Вы вкладываете свои деньги в благотворительность?

Конечно.

А как остановиться и не отдать все деньги на благотворительность? Это же очень эмоционально вовлекающая история. Ты видишь, что умирают дети, понимаешь, что у тебя все лучше априори, поэтому и хочется отдавать-отдавать-отдавать.

Если это правда вопрос жизни и смерти ребенка, то никак. Если ты понимаешь, что это последний шанс и никто ему не помог и помочь не может, то никак.

А если мы говорим не про конкретный случай? Просто вы уже много лет этим занимаетесь, поэтому у вас, наверное, есть какая-то система, как вы к этому подходите и говорите себе «стоп» в какой-то момент.

Если у меня нет денег или они кончаются и я понимаю, что мне нечем будет кормить детей, я говорю себе «стоп». У меня есть очень удобное приложение, которое я всем советую скачать. Оно называется «Подари жизнь». Через это приложение я вижу, сколько я потратила на благотворительность в течение месяца, года, сколько еще я могу позволить себе потратить. Там мне приходят новости, которые мне очень приятны. Это приложение очень простое в использовании: буквально одной кнопкой.
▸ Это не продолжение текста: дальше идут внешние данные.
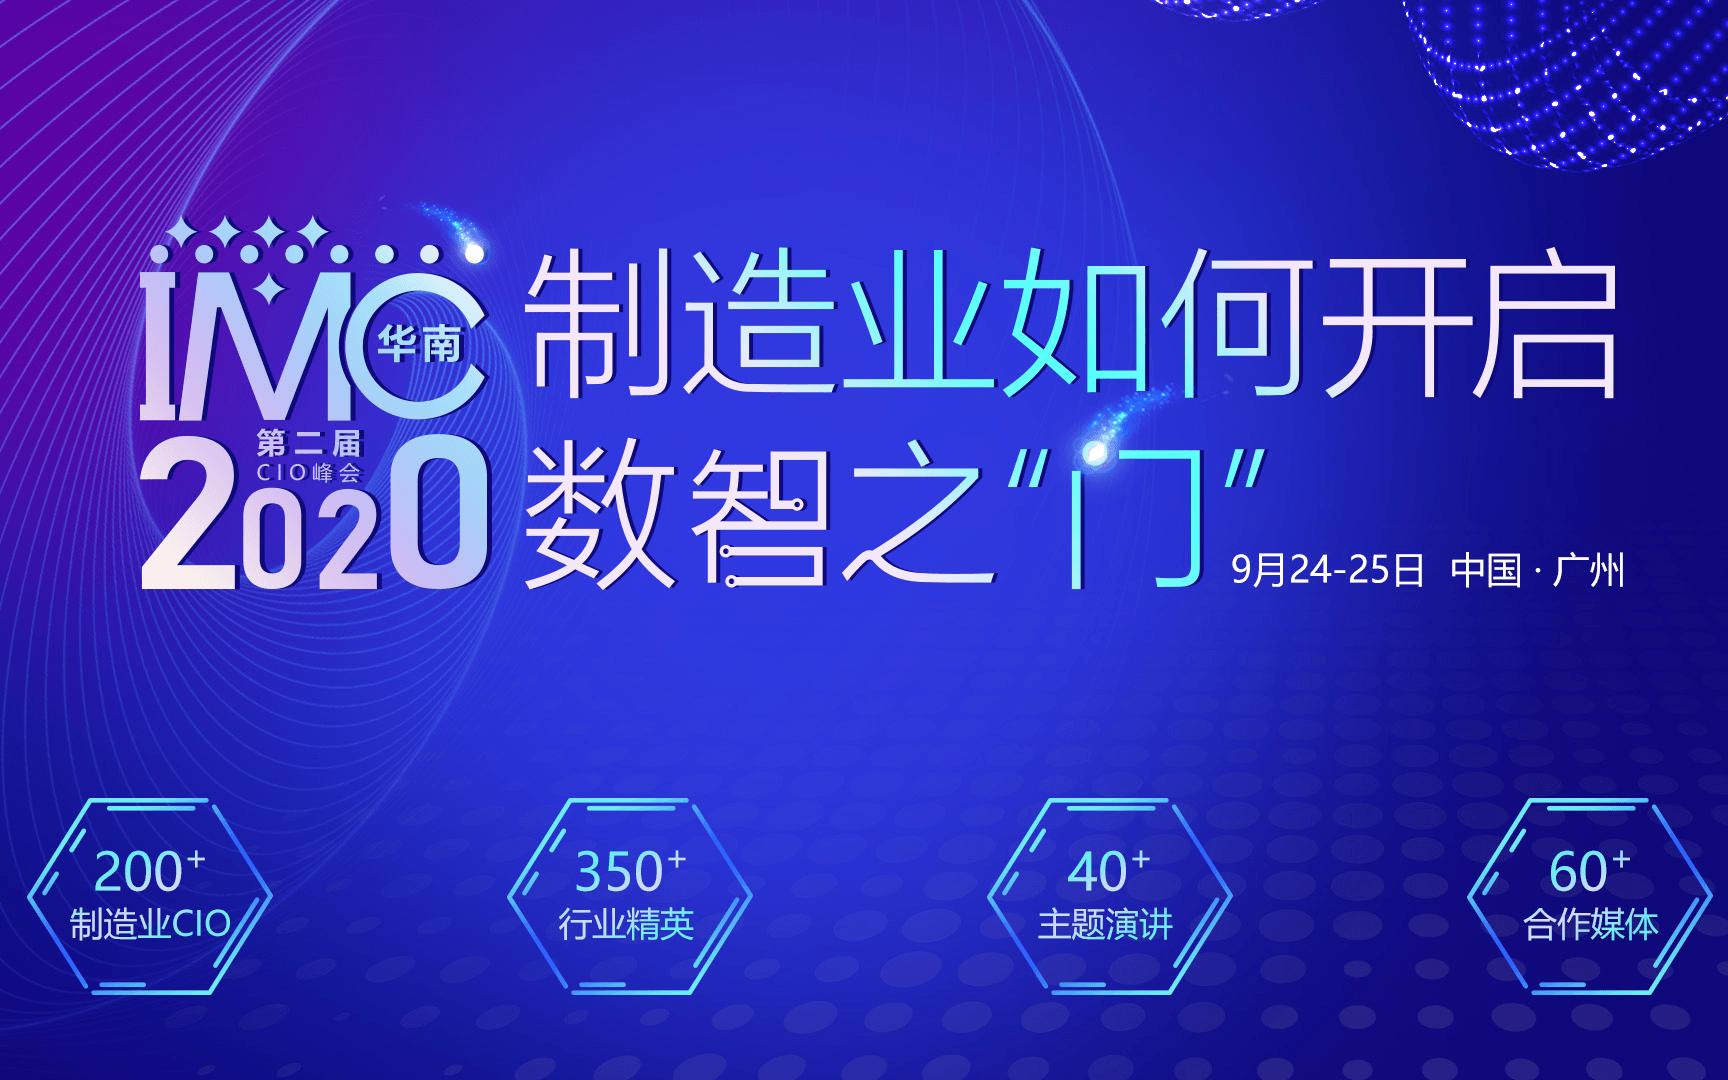 IMC 2020第二届中国制造业CIO峰会

Мы сейчас бьемся над тем, как делать переводы. Недавно разговаривали об этом с Митей Алешковским. Например, через фейсбук или инстаграм ты не можешь сразу перейти и заплатить. Нужно сделать несколько шагов, потому что Марк Цукерберг сделал такую систему, в которую он не пускает. Недавно услышала, что он хочет сделать свою платежную систему, чтобы брать комиссию за эти переводы. Мы, конечно, считаем, что это страшно несправедливо и нечестно.
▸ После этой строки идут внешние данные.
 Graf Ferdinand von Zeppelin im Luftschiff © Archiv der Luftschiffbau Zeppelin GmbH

Тем не менее если я натыкаюсь на какой-нибудь фонд и хочу сейчас, сию секунду, помочь, например, фонду «Подари жизнь», «Дети-бабочки» или «Вера», то я не могу это сделать двумя кликами: нужно пройти какой-то этап. А я этот этап не успела пройти, потому что я приехала в театр и мне уже нужно выходить на сцену. Это значит все — я никогда не вспомню про свой импульс, про то, что я хотела помочь. Может, и вспомню, но в одном случае из ста. Это значит, что эти деньги из благотворительности ушли. Я была готова, но они ушли потому, что у меня был очень долгий путь, чтобы это сделать: надо было вводить карту… Поэтому я всем рекомендую просто ставить приложения хотя бы тех фондов, у которых они есть. У нас приложение есть, и это очень удобно.
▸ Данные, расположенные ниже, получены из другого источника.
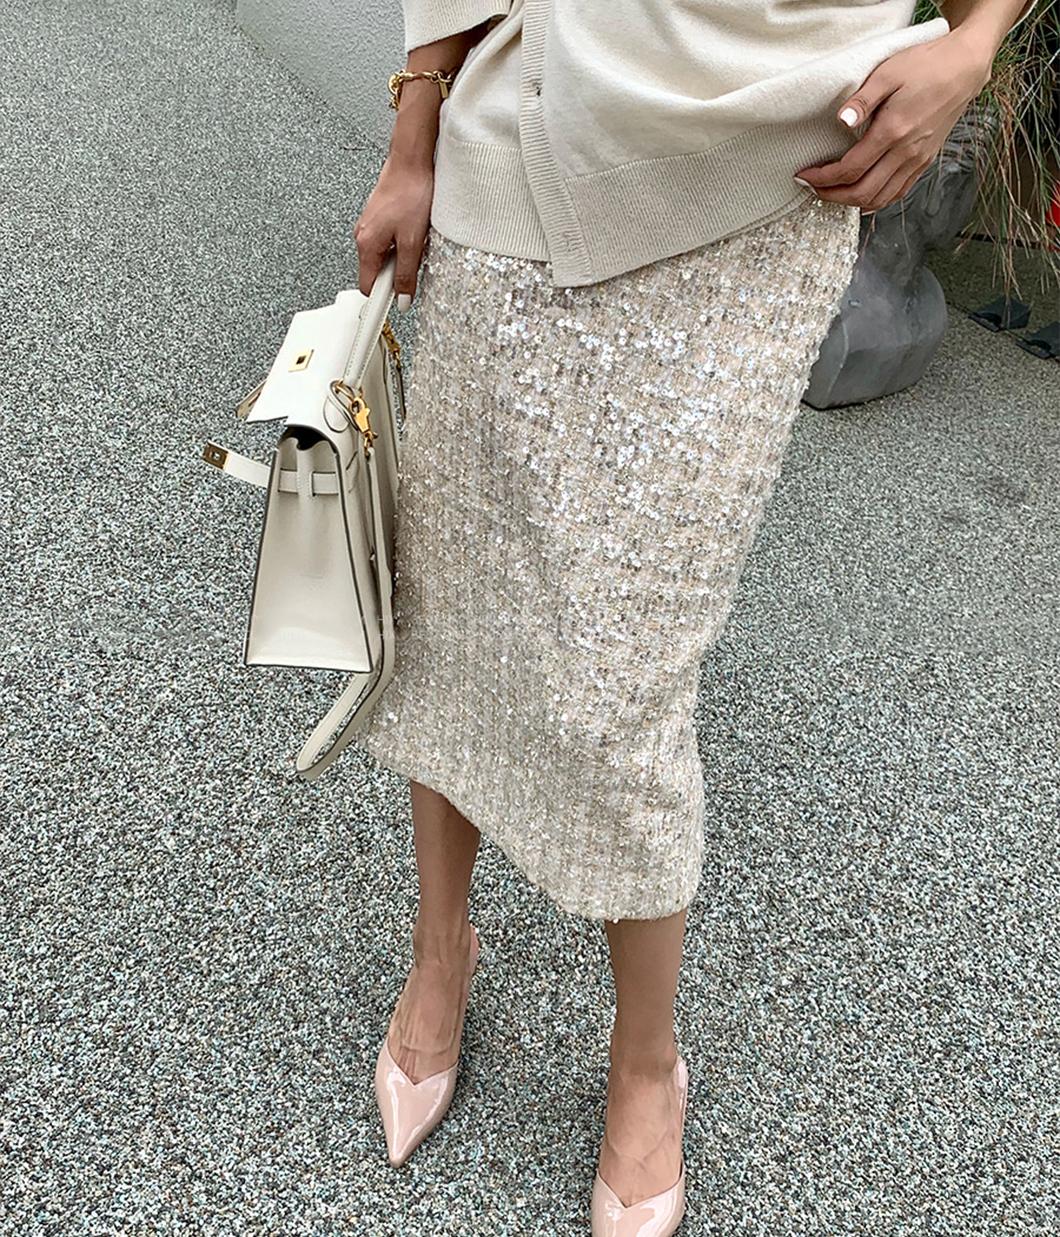 12.低奢感的亮片直筒裙

Это то, чем вы занимаетесь с самого начала, — стараетесь приучить людей не к тому, что можно пожертвовать миллион, а к тому, что можно жертвовать 10 рублей каждый месяц?

Конечно, жертвовать миллион — это экстраординарный случай. Было бы правильно, если бы каждый взял в привычку жертвовать позволительную часть, без которой можно выпить в какой-то день не две чашки кофе, а одну. Например, 50 или 70 рублей каждый месяц. Все наши огромные суммы — это такие пожертвования в 50, 100, 500 и 1000 рублей. Из этих денег собираются миллионы.

Чем больше людей будет об этом знать, доверять и делать, тем быстрее настанет момент, когда никому не надо будет даже кричать: «SOS, соберите 2 миллиона!» Система будет работать сама по себе: каждый фонд будет знать: у меня есть Чулпан Хаматова, которая каждый месяц мне переводит 70 рублей, и я могу на эти деньги рассчитывать в течение месяца, квартала, полугодия или года.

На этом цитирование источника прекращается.